What Twitter calls Twitter Alerts is more like a national notification system. You know how the radio and TV will periodically cut to color bars or a buzzing tone and say “this is a test of the emergency broadcast system”? Or how sometimes you’ll get a text message about a missing child in your geographic area? Twitter Alerts are a similar thing.
Specifically, according to Twitter, “Twitter Alerts are Tweets published by select public agencies and emergency organizations during a crisis or emergency that contain up-to-date information relevant to an unfolding event, such as public safety warnings and evacuation instructions. Alerts will appear highlighted on your home timeline and are instantly sent to your device as a mobile notification.”
Twitter heavily restricts which accounts can send Twitter Alerts, basically to just public safety accounts like FEMA and other similar organizations around the world. The general idea is to just use Twitter as another redundant location for broadcasting information in the case of an emergency. Various hurricanes, terrorist attacks, earthquakes, and other disasters like the ongoing Thomas fire in California can trigger local alerts for anyone who has subscribed to them. If you’re not able to access news through TV, radio, or the internet, it’s possible that a Twitter-pushed notification could still get through.

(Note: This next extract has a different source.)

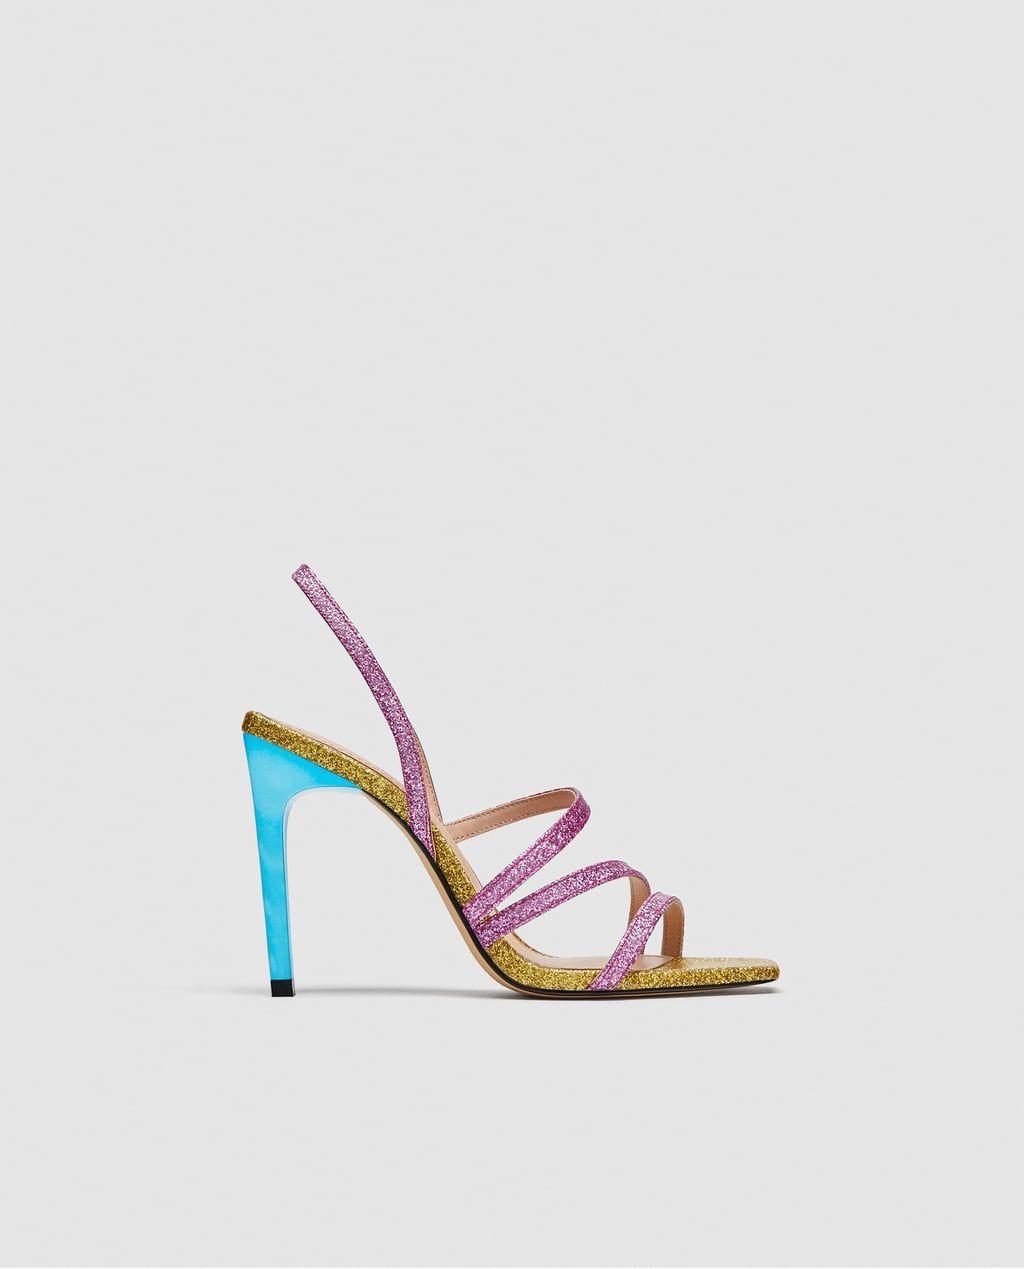 dirt cheap outlet store sale arrives SHINY MULTI-STRAP SANDALS-Heeled Sandals-SHOES-WOMAN-SALE | ZARA ...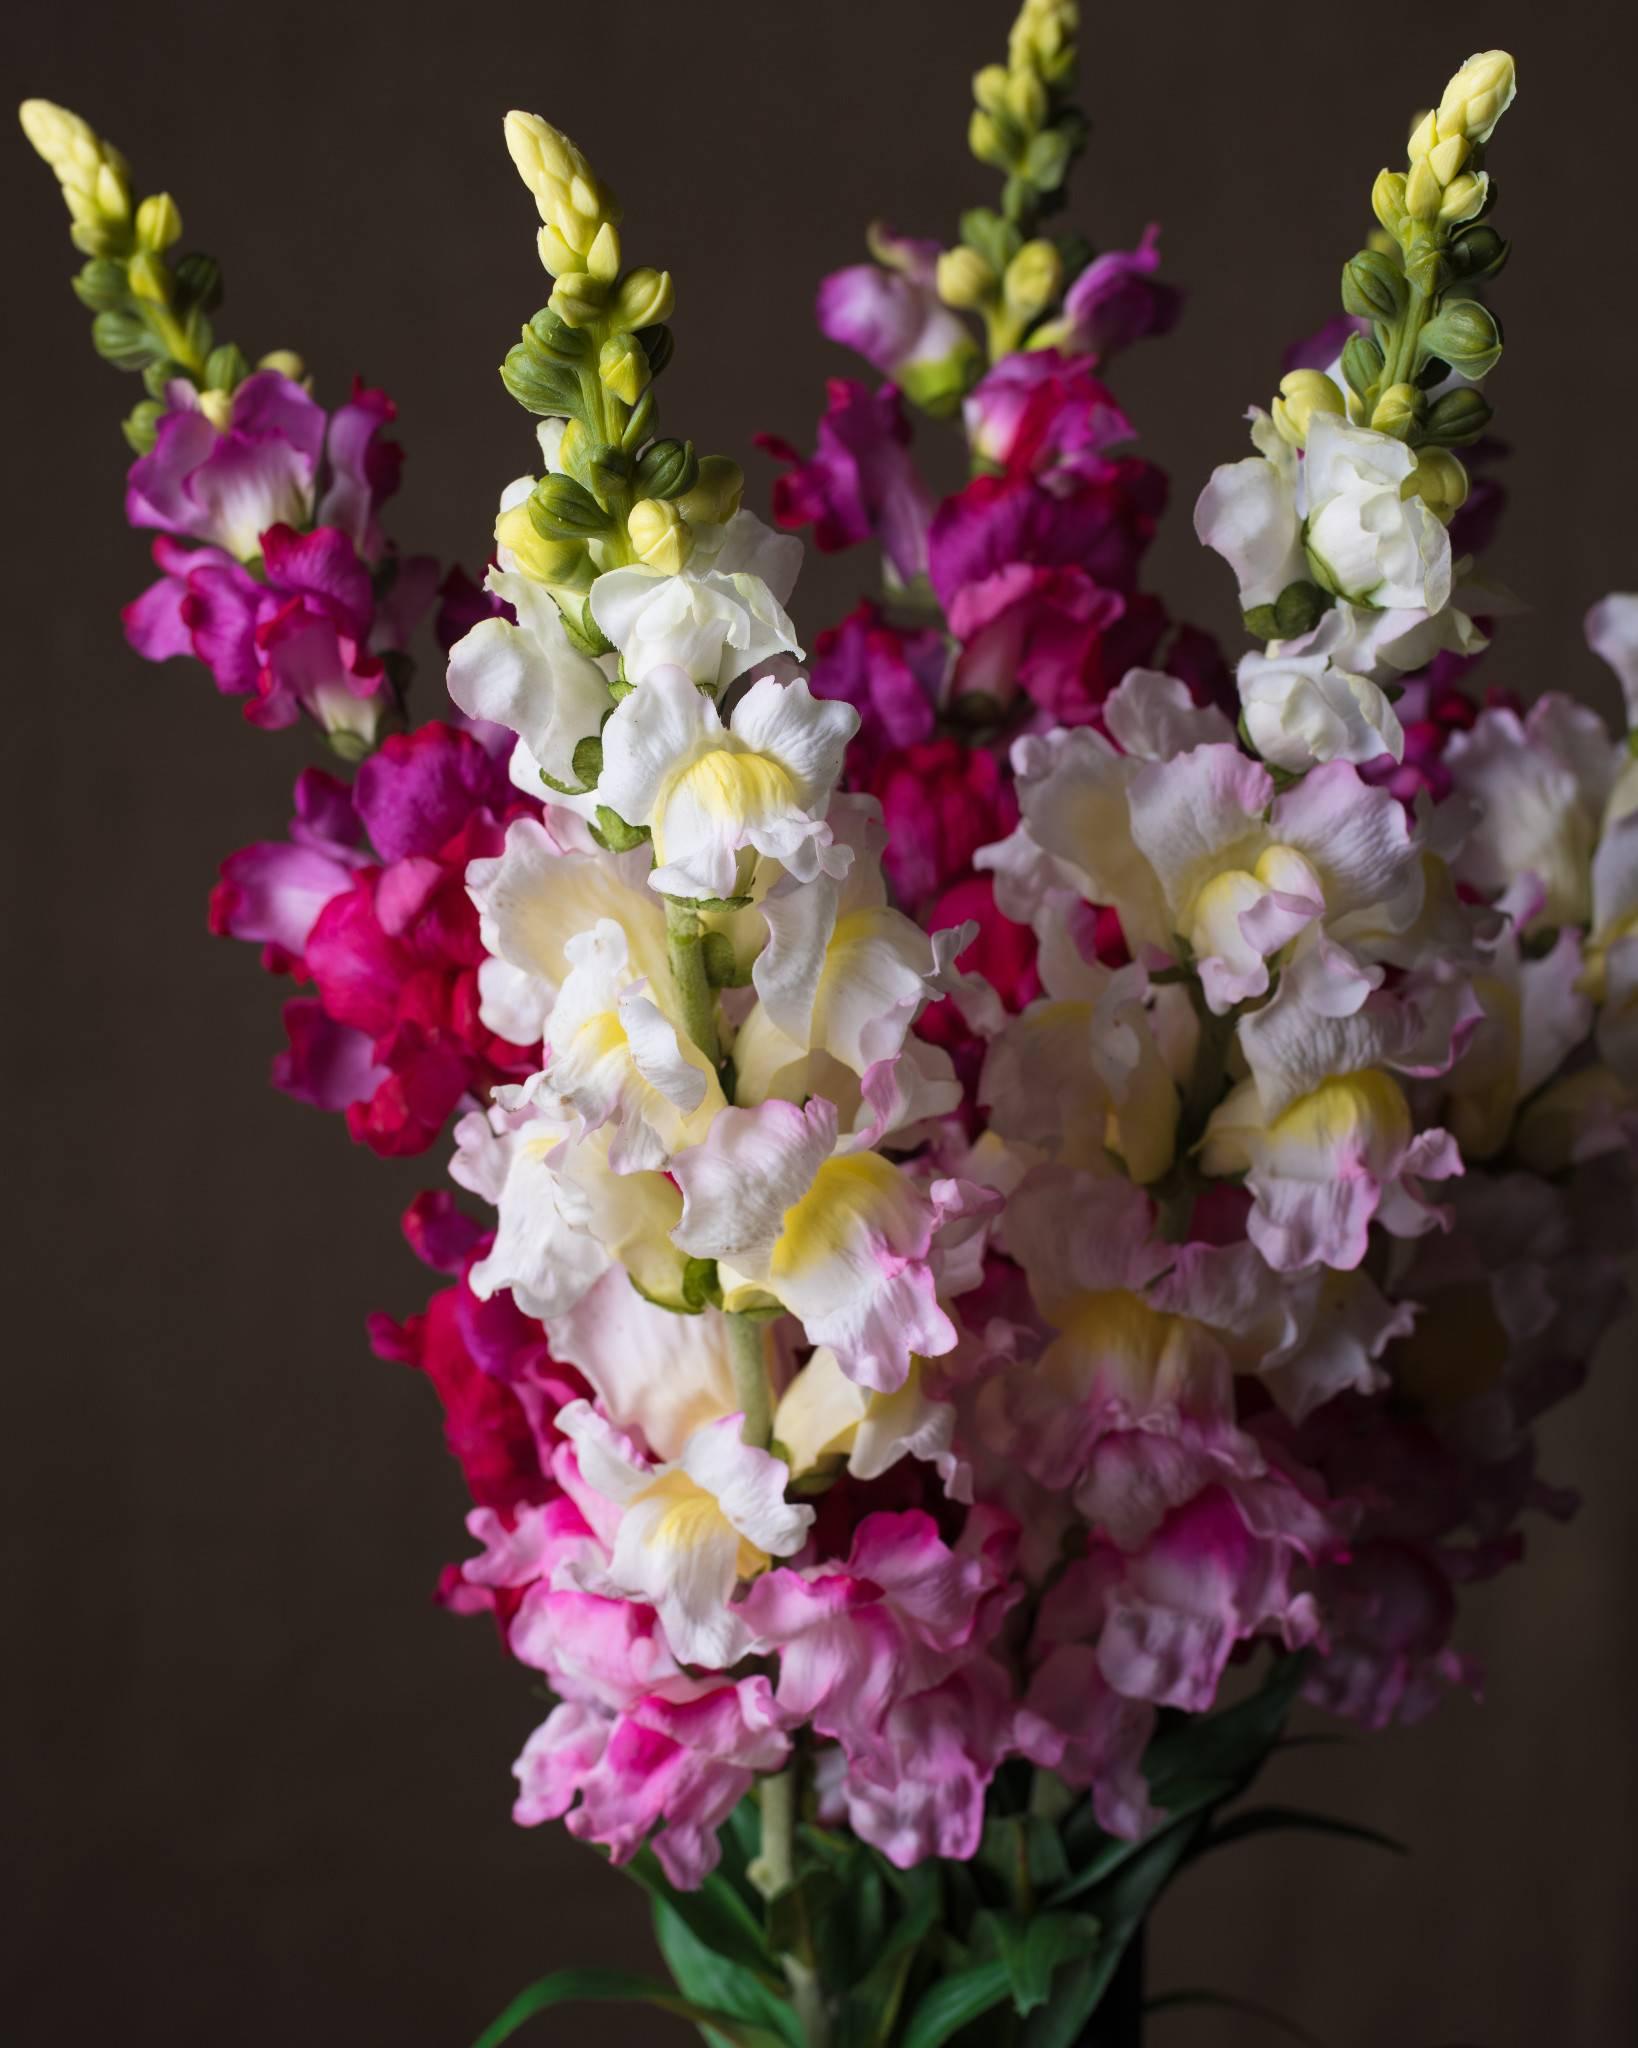 Snapdragon Flower Stems Balsam Hill

While useful for personal safety and for public safety issues, Twitter Alerts are not useful for a business. The chances of your business being able to push them are very slim, and the utility of receiving them isn’t valuable for marketing purposes. You could, I guess, use those notifications to keep on top of charitable support for local disasters, but chances are you’re going to get that information in other ways as well.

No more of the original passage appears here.